[Listed entries — start]
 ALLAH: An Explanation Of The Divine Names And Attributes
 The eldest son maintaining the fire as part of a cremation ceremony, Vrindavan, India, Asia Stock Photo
[Listed entries — finish]
[Listed entries — start]
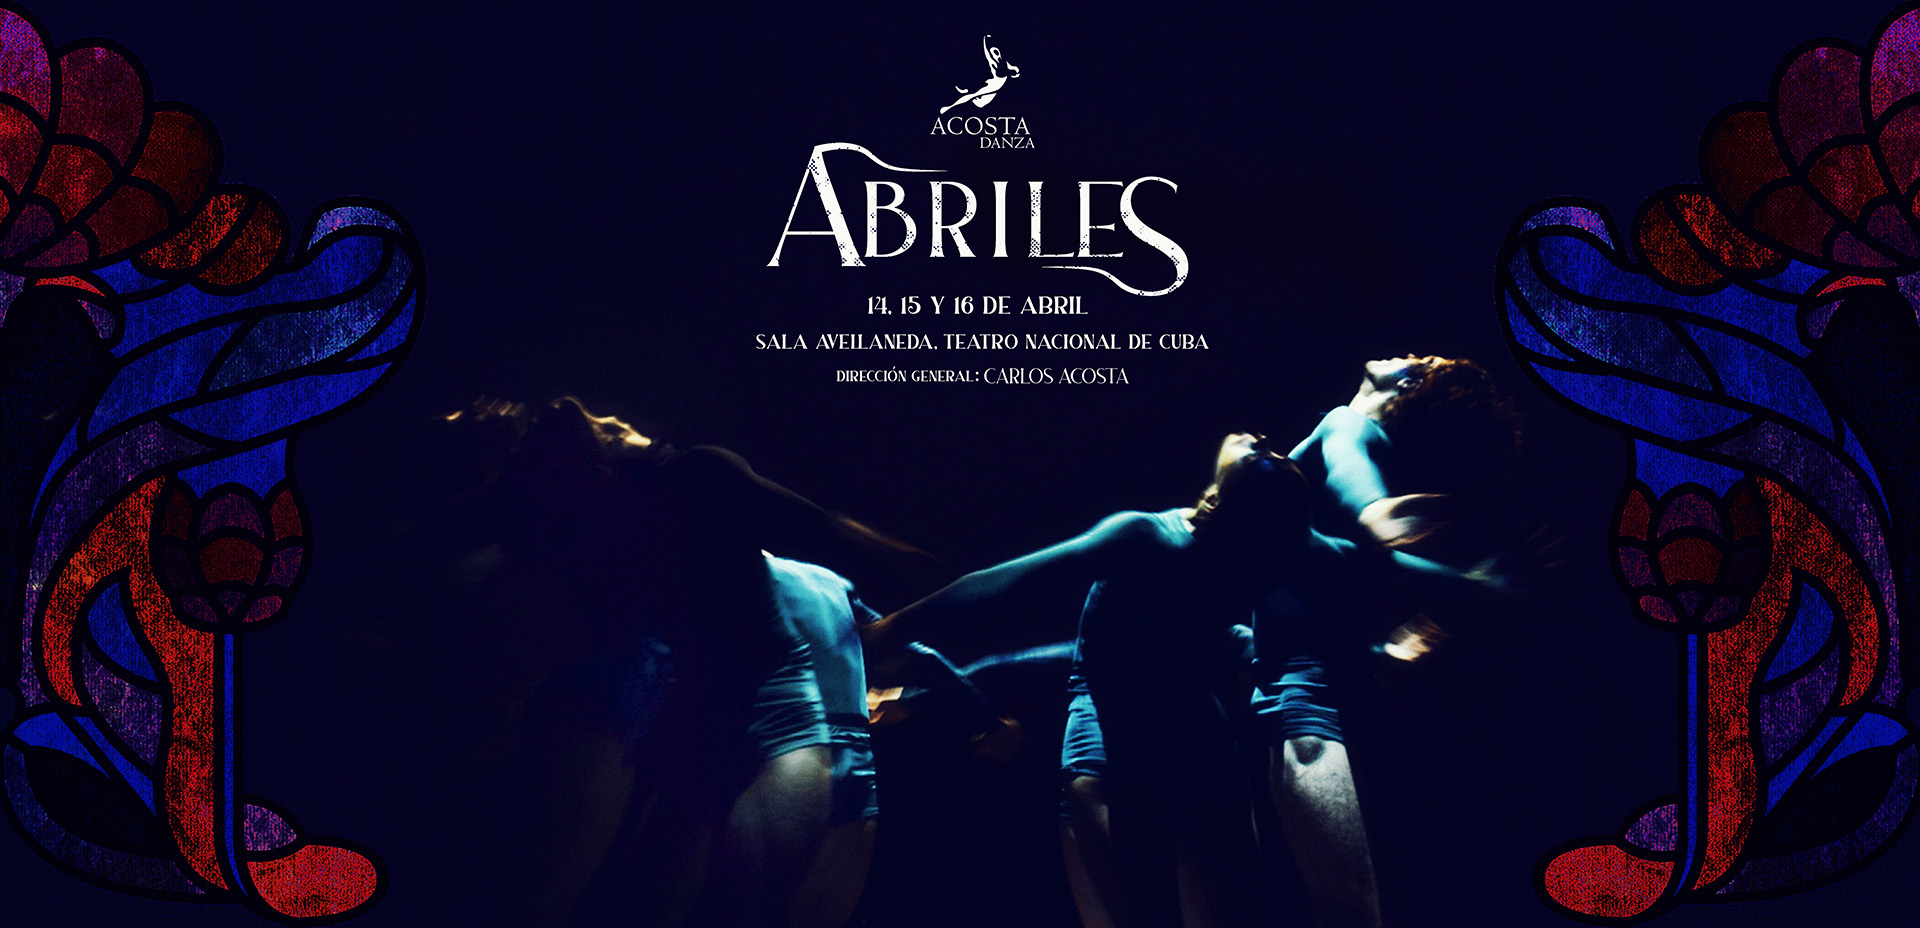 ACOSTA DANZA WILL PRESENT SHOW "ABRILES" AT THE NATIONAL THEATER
[Listed entries — finish]
Going down the listing above, begin printing at the line with "ALLAH: An Explanation" and finish with the line with "The eldest son", exactly as they appear.

__Finished task__
 ALLAH: An Explanation Of The Divine Names And Attributes
 The eldest son maintaining the fire as part of a cremation ceremony, Vrindavan, India, Asia Stock Photo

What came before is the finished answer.